While Zublasing recovered for a third-place finish, it was her performance the next day and her first-place, 598 air rifle relay mark that impressed her coach and exemplified everything the Mountaineers have worked to achieve this season.
“The second day was a new day,” Hammond recounted. “She put her smallbore behind her and entered the range very determined. Petra put her mind to it and was determined to shoot a good score. That’s just a credit to her personality and her determination.
“That’s been our approach this year – improve as shooters in the way we shoot, our demeanor and our overall professionalism. It showed at GARC, and it has shown throughout the whole season.”
Freshmen Thomas Kyanko and Taylor Ciotola round out the Mountaineers’ squad this weekend. Kyanko was recently named the GARC Rookie of the Year, while Ciotola finished eighth in smallbore and air rifle and third overall at the conference championships.
“Taylor is peaking at the right time,” said Hammond. “He’s learned a lot and really progressed this year. He’s become mentally stronger – he understands the mental part of the game a lot more now. That’s really been the changing aspect that has given him the confidence to believe that he is a good shooter.”
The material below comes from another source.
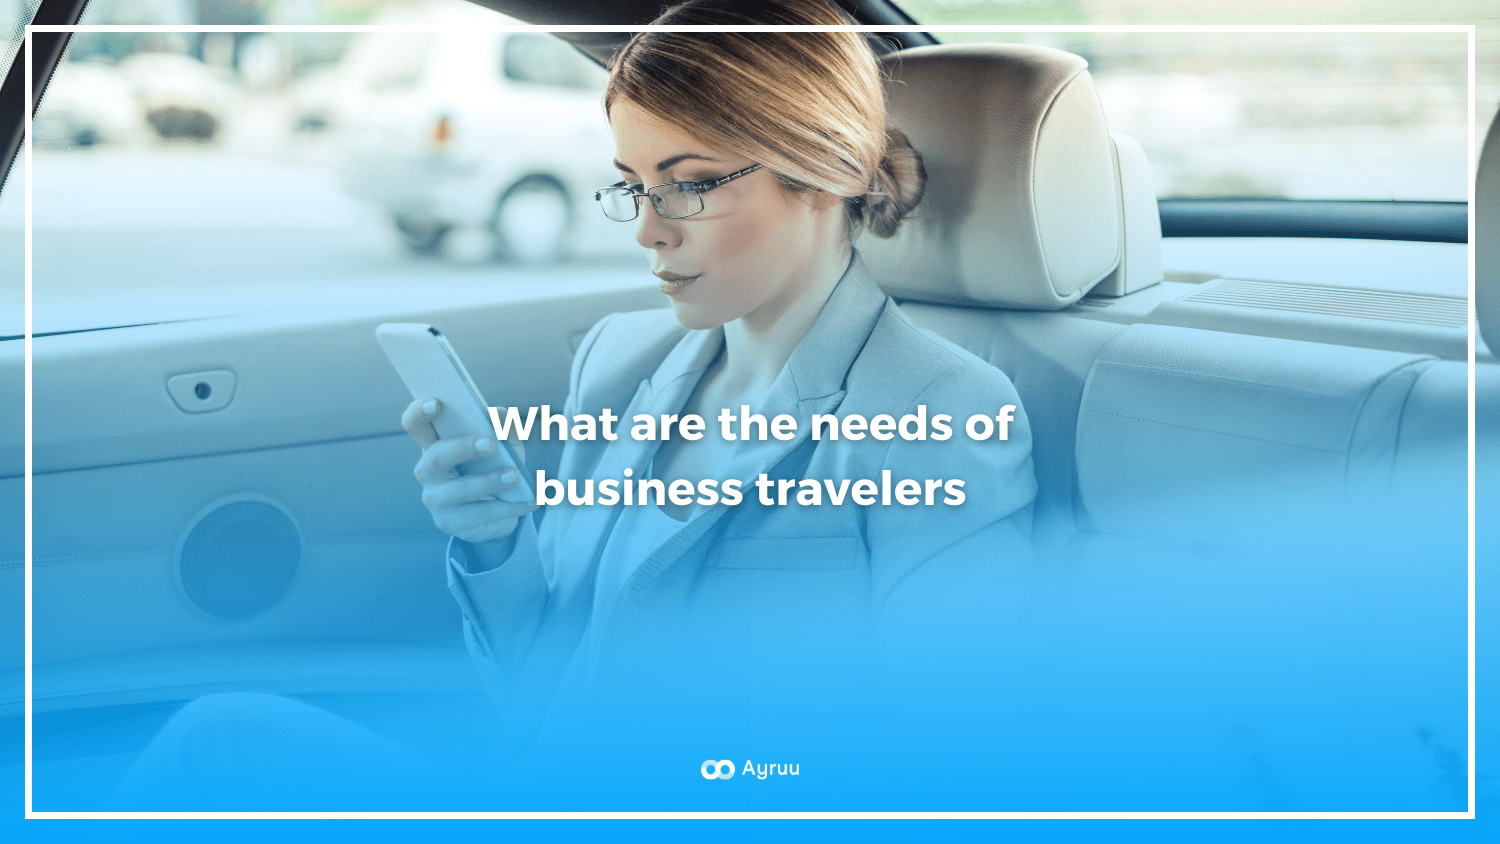 What are the needs of business travelers

Hammond believes the Mountaineers have been feeding off of Ciotola’s energy this postseason.
“Taylor is hungry and motivated; I think we all are,” he explained. “We want to show everyone what we are capable of shooting, and that we can compete with the top teams. We just have to keep that motivation and hunger throughout the weekend.”
The Mountaineers are expected to face the stiffest competition from No. 1 TCU and No. 3 Kentucky. The only two squads to defeat WVU (12-2, 5-1 GARC) this season, the Horned Frogs, the 2010 national champions, have held the nation’s top ranking for the better part of two months, while the Wildcats, the reigning NCAA champions, fell to WVU at the GARC Championships, 4681-4675.
“Those teams are incredibly talented,” Hammond said. “They’re probably going to be favored against us. We just have to go out and do our best; we don’t know how they will approach the weekend. We have to leave it all out there. We don’t know where we’ll stack up against them. Rifle is a sport where the final point swings can be a lot. You just never know.”
TCU and UK have both shot 4700-plus marks this season; the Mountaineers shot a season-best 4693 on Oct. 22.
The Wildcats won last year’s title with a 4700 score. Hammond debates whether that is the magic score for this year’s championships, too.
“That’s a pretty high number,” he laughed. “If someone can shoot that, they will be in a very good position, for sure. Statistically, we have a chance. We are definitely capable of it. Our shooters are talented enough. It’s not something we talk about, but if everyone were to shoot well, we could do it.
“We know TCU and UK are capable of that score. They may have a bit more confidence over how they will perform. Then again, maybe there’s a bit more pressure for them to hit that score, and we can benefit from that.”
Determined to let the shots speak for themselves, Hammond has not given much thought to that elusive 15th title. He does admit that winning another championship, after three straight top three finishes and with a team that is equal parts experienced and wide-eyed, would be an “awesome” experience.
“I will be more proud of them for just competing well and doing what we’ve done all year,” he said of the possibility. “They need to be professional, work hard and stick to our goals. We can’t control if another team goes off and has a great day. There’s nothing we can do about that. If it comes to fruition, that would be fantastic, but I choose to reserve comment on it until after we win that title.”